Have you noticed how many meals are being made in muffin tins these days?  You need only look to Pinterest to see how popular this trend is.

But, apparently, it’s not entirely a new trend. This recipe for $1,000 Egg Baskets dates back to 1955, yet it could easily be the next hot thing on Pinterest. (Hint, hint! Go ahead and pin it!)

Plus, this recipe is such a beautiful example of why I wanted to undertake this project: It’s got that fabulously kitschy name, the recipe is completely delicious, and as such it’s poised for a comeback in the current, modern zeitgeist.

Mini or individual servings?  Check.
Made in a muffin tin? Check.
Ridiculously easy and tasty?
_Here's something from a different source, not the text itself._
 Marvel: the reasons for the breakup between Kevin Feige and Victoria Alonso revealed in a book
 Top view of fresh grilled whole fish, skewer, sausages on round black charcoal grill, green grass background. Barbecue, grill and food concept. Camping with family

Check.

These are basically eggs cooked with green chile in a tender, tasty, cheesy pastry crust.  And served with cheese sauce.

Is your mouth watering yet?

Here’s the recipe, attributed to Pillsbury and appearing on Today’s Kitchen on June 15, 1955:

$1,000 Egg Baskets
Recipe Type: entree, brunch
Author: Attributed to Pillsbury; appeared on “Today’s Kitchen” June 15, 1955
Cook time: 20 mins
Total time: 20 mins
Serves: 6
Like individual egg pot pies with a rich, tender crust and flavorful green chile, these are sure to be a hit at dinner or brunch.
Ingredients
  • 1 1/2 cups sifted flour
  • 1/2 tsp salt
  • 1/2 cup shortening
  • 1/3 cup shredded cheese
  • 5–6 T cold water
  • 
6 eggs
  • 6 T chile
Instructions
  1. Sift flour and salt into bowl. Add cheese and cut in shortening. Add water and form into a ball.
  2. Flatten and smooth dough at edges. Cut out six circles, about 5 inches across. Fit each inside a muffing cup letting pastry edges extend 1/4 inch above pan. Cut out six more circles about 4 inches across. Cut gash in center of each.
  3. Break eggs into cups…salt and pepper and top with a tablespoon of chile. Cover with small circles. Sprinkle with paprika or chili powder.
  4. Bake at 450F. 20 minutes.
  5. Serve hot with or without sauce. A very nice sauce can be made by adding 2 teaspoons crushed dill seed to a regular cheese sauce.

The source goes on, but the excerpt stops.